Workers Prevail in Fight Against Binding Arbitration

On April 29, 2015, the United States District Court for the Central District of California, Hon. Phillip S. Gutierrez, issued an important decision denying defendants’ motion to compel arbitration on an individual basis in Maria Ford, et al. v. Gary Yasuda, et al. finding an arbitration agreement unenforceable on grounds of waiver. The opinion provides a well-reasoned decision on conduct inconsistent with arbitration rights and resulting prejudice suffered by the non-moving party. In its decision, the court held that defendants had actively litigated the case in federal court and warned against defendants attempting to compel arbitration for fear of future unfavorable rulings.

The Ford plaintiffs allege that while enrolled at Milan Institute of Cosmetology they were “employees” when they performed services on their paying customers, sold products and services for the for-profit business and engaged in janitorial work including stocking supplies and laundering towels on behalf of defendants Milan Institute of Cosmetology and Gary Yasuda. Because they were not paid wages or provided any employee benefits to which they were due, the Ford plaintiffs brought suit in October 2013 on behalf of themselves and others who enrolled at Milan.

The court denied defendants’ motion which sought to compel individual arbitration and relief, in the alternative, to extend the scheduling order to allow more time for discovery it had not initiated pending the motion to compel, in its entirety. The court found that defendants abandoned their rights to arbitration by unreasonably delaying filing a motion to compel arbitration seventeen months into the litigation.

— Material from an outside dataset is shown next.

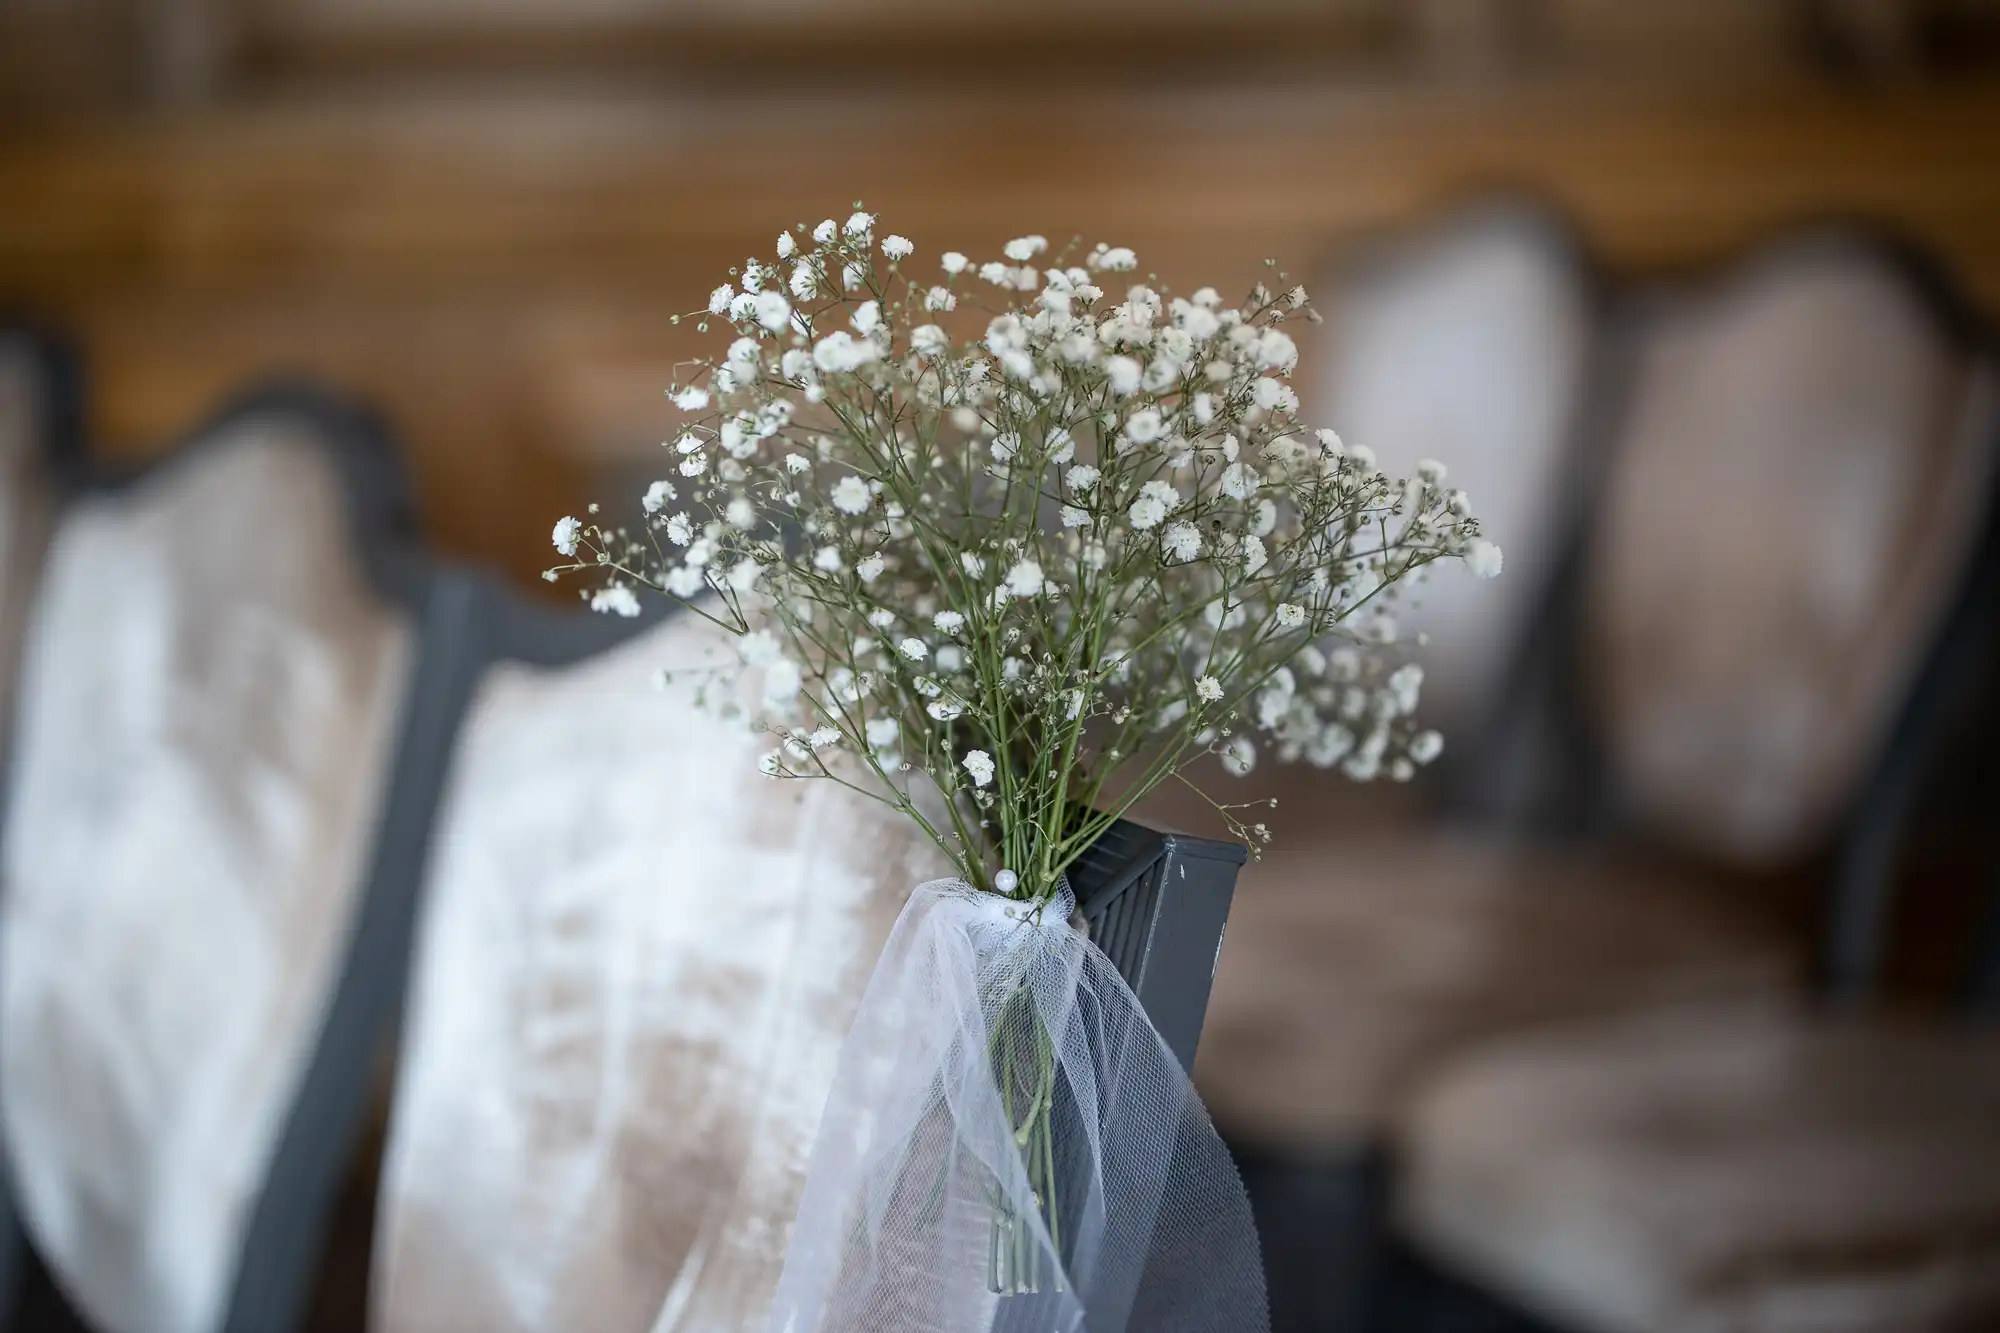 A bouquet of baby's breath flowers attached to a chair with a white ribbon in a rustic indoor setting.

The court also found that defendants’ delay was unjustified where it could not rest on claims on any “precedential, procedural, or other barriers to arbitration.” The opinion exposed defendants’ “protracted silence regarding arbitration” as a conscious effort to seek judicial judgment on a threshold legal question then shop for a more receptive forum after an adverse ruling on the issue.

The court found prejudice in the time defendants took after the filing of the complaint and after it raised arbitration as an affirmative defense before moving to compel. The court also found prejudice to the Ford plaintiffs due to a previous order by the court on defendants’ motion to dismiss which “resolved a crucial issue in [plaintiffs] favor.” Discussed in a previous Bryan Schwartz Law, P.C. blog post, the court determined that “[b]ased on Martinez, the Court concludes that the California Supreme Court would hold that [Defendants’] students may be properly classified as its employees, if they are within the definition of ‘employment’ established by the IWC.” The court’s analysis highlights that where motions practice requires the litigation of claims on the merits “touch[ing] on the basic issues in the case,” a motion to compel following the motions practice will not be received favorably. As is the case here, plaintiffs would be substantially prejudiced by a need to relitigate matters decided by the district judge.

The decision not only permits the Ford plaintiffs to proceed in the vindication of their statutory employment rights on behalf of themselves and others similarly situated in federal court, but also enumerates conduct of parties moving to compel arbitration that run afoul of a good faith exercise of arbitration rights.